Aku mengangguk. “Ya. Pulang ke rumah untuk bermain video game juga sangat menyenangkan.”
“Dengan serius?”
“Ya.”
Mimimi menyeringai pada jawaban langsungku. “Diucapkan seperti gamer sejati! Sekali gamer, tetap gamer!”
Dia meremas bahuku di antara kedua tangannya lagi. Owww. Cukup dengan 2.0 sudah. Dan sekarang dia melakukannya tanpa alasan.
Tapi saya benar-benar bersyukur bahwa dia menerima cara berpikir saya tanpa prasangka. Dia bahkan tersenyum saat mendengarnya.
“Akan lebih akurat untuk mengatakan saya tidak ingat festival daripada mengatakan saya tidak bersenang-senang.” Saya sangat santai sekarang sehingga saya mulai mengoceh.
“Kau tidak ingat? Tapi itu baru tahun lalu.”
Dia tampak bingung. Ya, saya bisa melihat bagaimana orang normal akan sulit memahaminya. Saya memutuskan untuk menjelaskan cara penyendiri. “Sepertinya… Oke, jadi kita sudah mengadakan festival sekolah sejak SMP, kan?”
“Um, ya…” Mimimi memiringkan kepalanya, menungguku melanjutkan.
Saya melanjutkan dengan percaya diri. “Itu artinya aku sudah pernah ke empat festival sekolah. Tapi saya tidak pernah punya teman selama waktu itu, jadi setiap tahun adalah pengalaman yang sama bagi saya. Dan itu berarti—aku tidak begitu ingat apa yang terjadi kapan.”
“Mengapa kamu terdengar hampir bangga akan hal itu?” Mimimi dengan riang menggoda. Kurasa kali ini, kepercayaan diriku hanya membuat cerita sedihku terdengar lebih sedih.

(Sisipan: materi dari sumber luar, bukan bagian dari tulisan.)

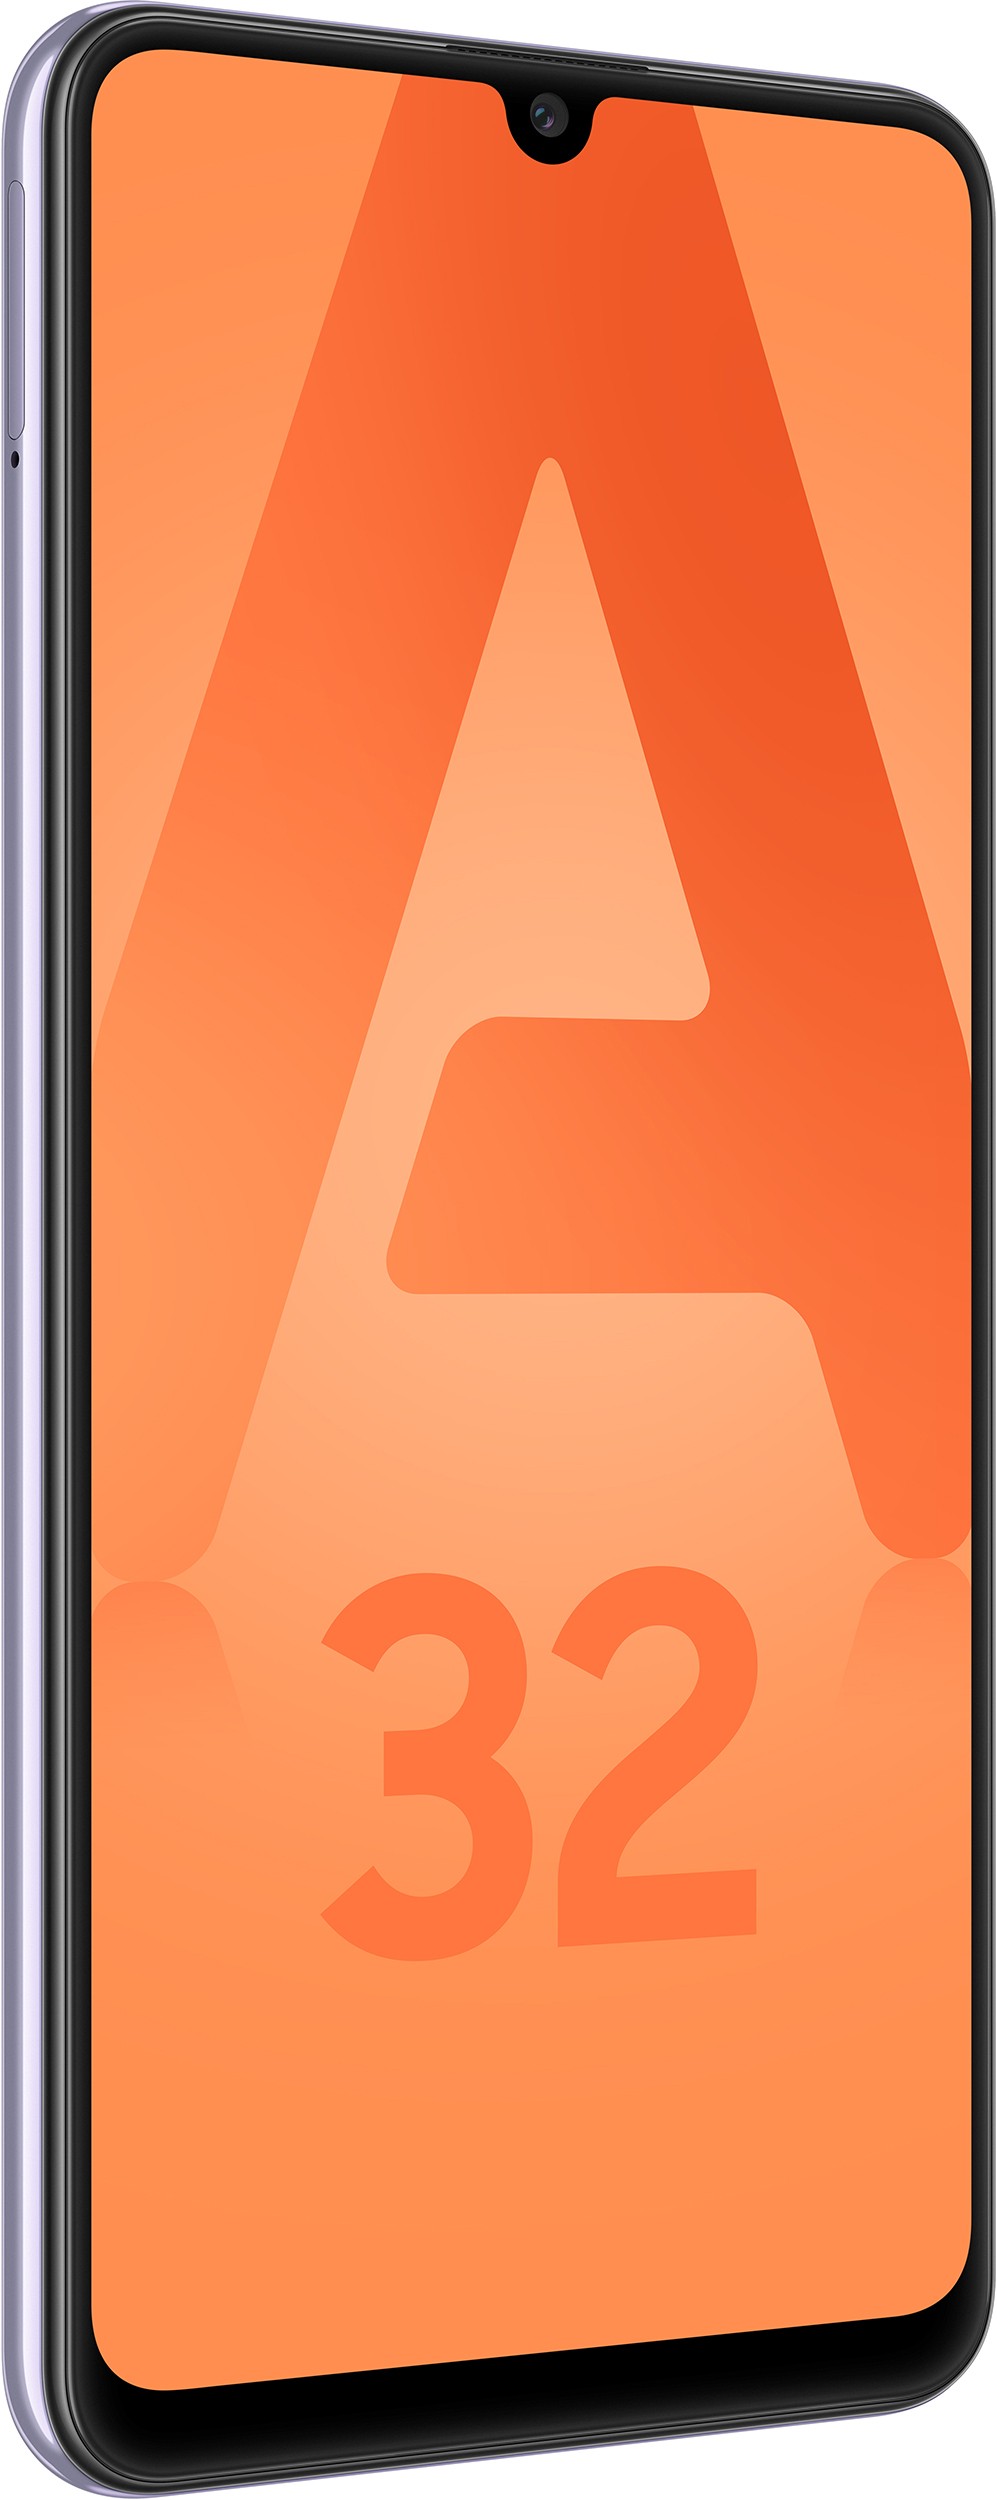 SAMSUNG Smartphone Galaxy A32 128Go Violet

“Yah, sepertinya pria paruh baya tidak bisa menjaga semua selebriti baru tetap lurus. Bagi seorang penyendiri, semua acara besar, menyenangkan, dan ramai itu terlihat sama, jadi semua kenangan berjalan bersama.”

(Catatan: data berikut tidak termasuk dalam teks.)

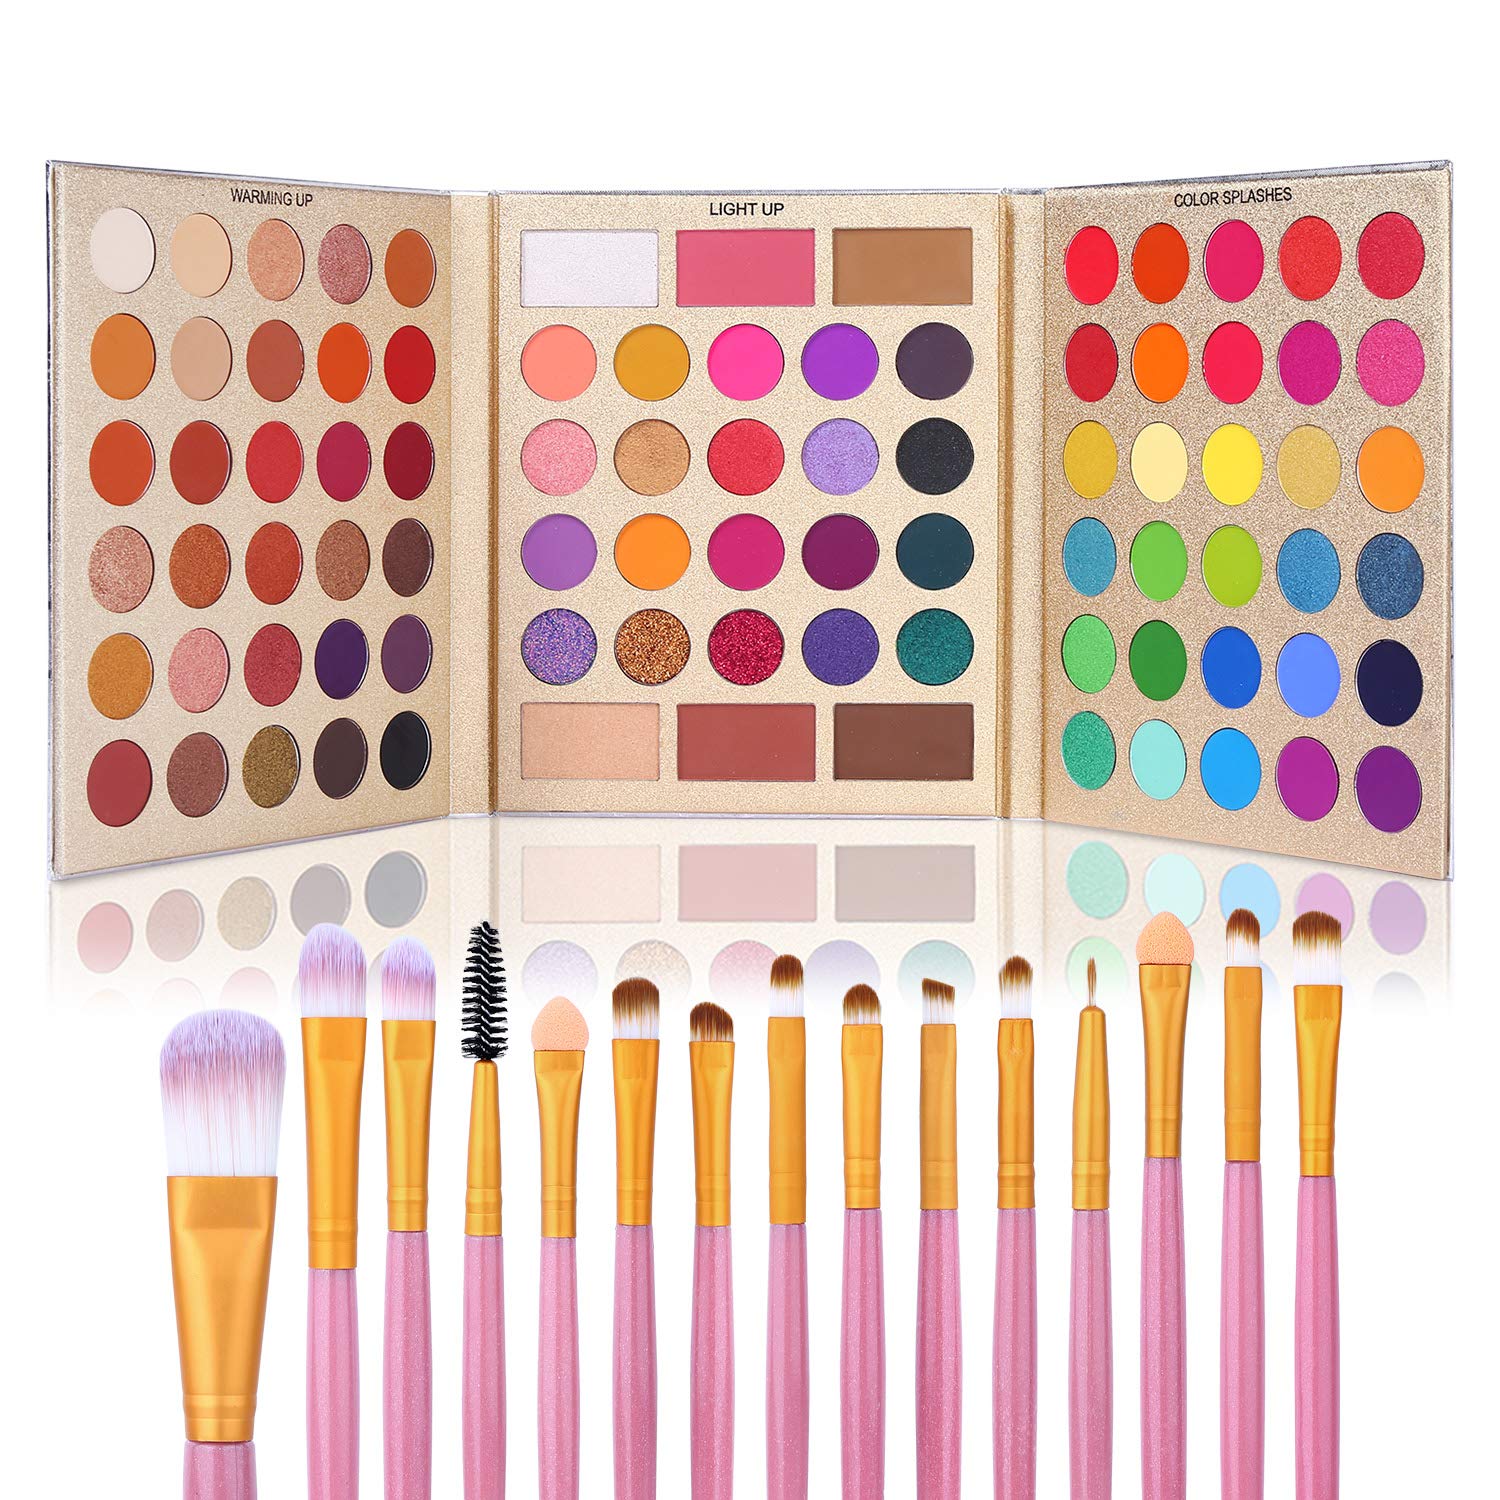 UCANBE Brush Set & Eyeshadow Palette Makeup Kit

Ketika saya selesai menjelaskan logika suram saya, Mimimi menatapku dengan kasihan. “…Yah, tidak tahun ini.”
“Hah?”
Dia menunjuk dengan riang ke matahari yang masuk melalui jendela. “Tahun ini, mari kita lakukan semua yang kita bisa untuk membuatnya menjadi luar biasa!”

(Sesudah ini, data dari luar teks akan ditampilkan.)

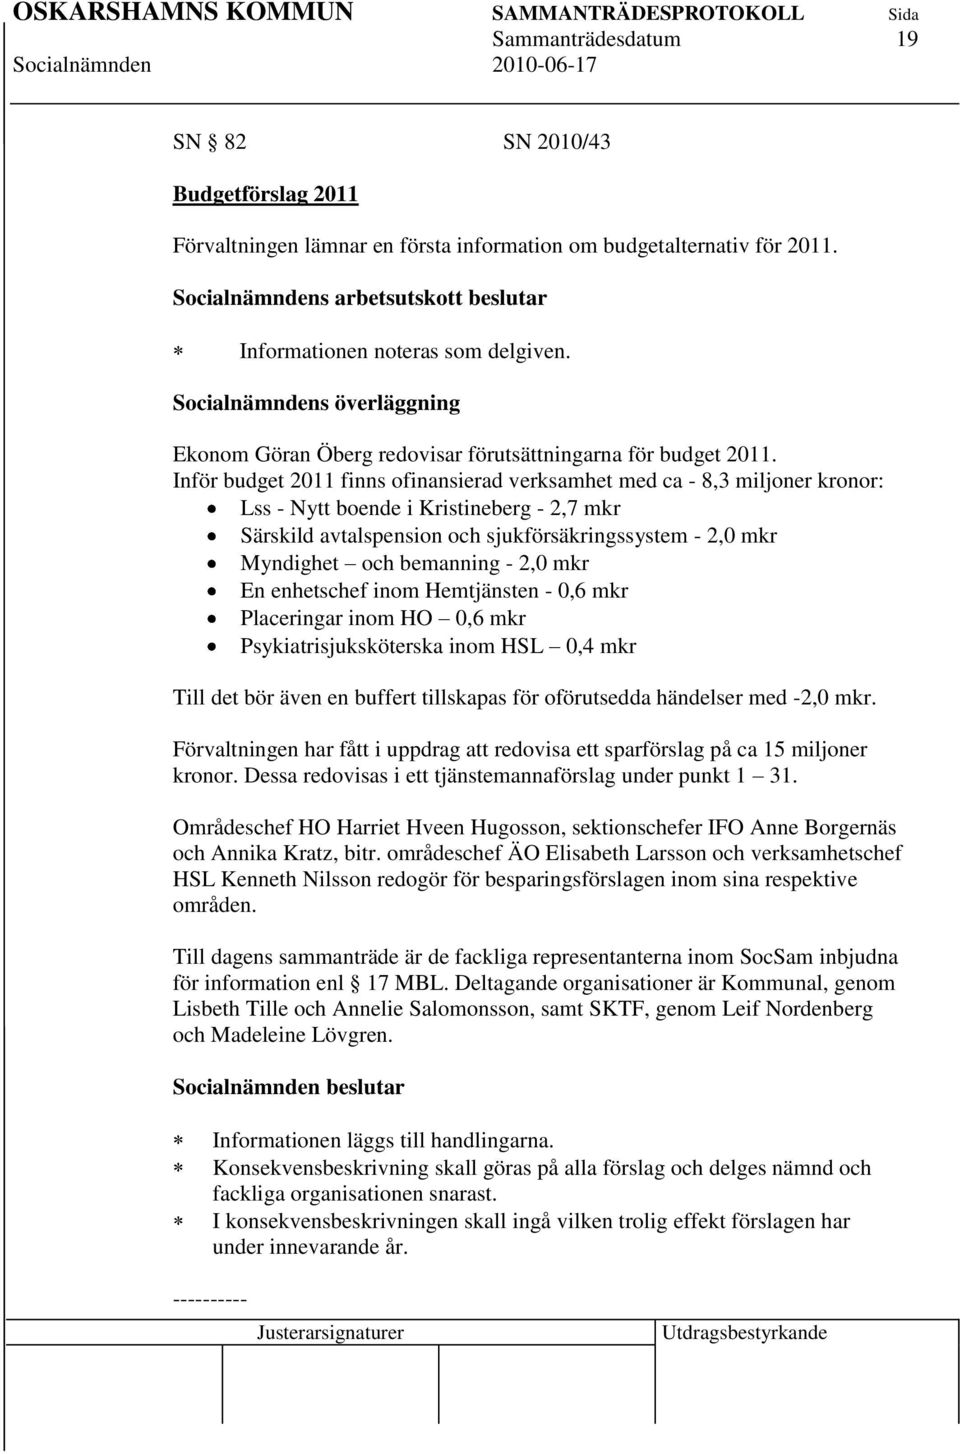 Inför budget 2011 finns ofinansierad verksamhet med ca - 8,3 miljoner kronor: Lss - Nytt boende i Kristineberg - 2,7 mkr Särskild avtalspension och sjukförsäkringssystem - 2,0 mkr Myndighet och

Dia terdengar sangat berharap. Saya tahu dia berusaha sangat keras untuk menghibur saya, dan kepositifannya menular setiap hari. Kata menyenangkan dibuat untuknya.
“…Untuk ya!” Saya menjawab, memikirkan minggu-minggu mendatang.
Ya, dia benar.
Jika kita tetap harus melakukannya, sebaiknya kita menikmatinya , pikirku, dan aku bersungguh-sungguh.
Seperti apa festival sekolah ini bagiku?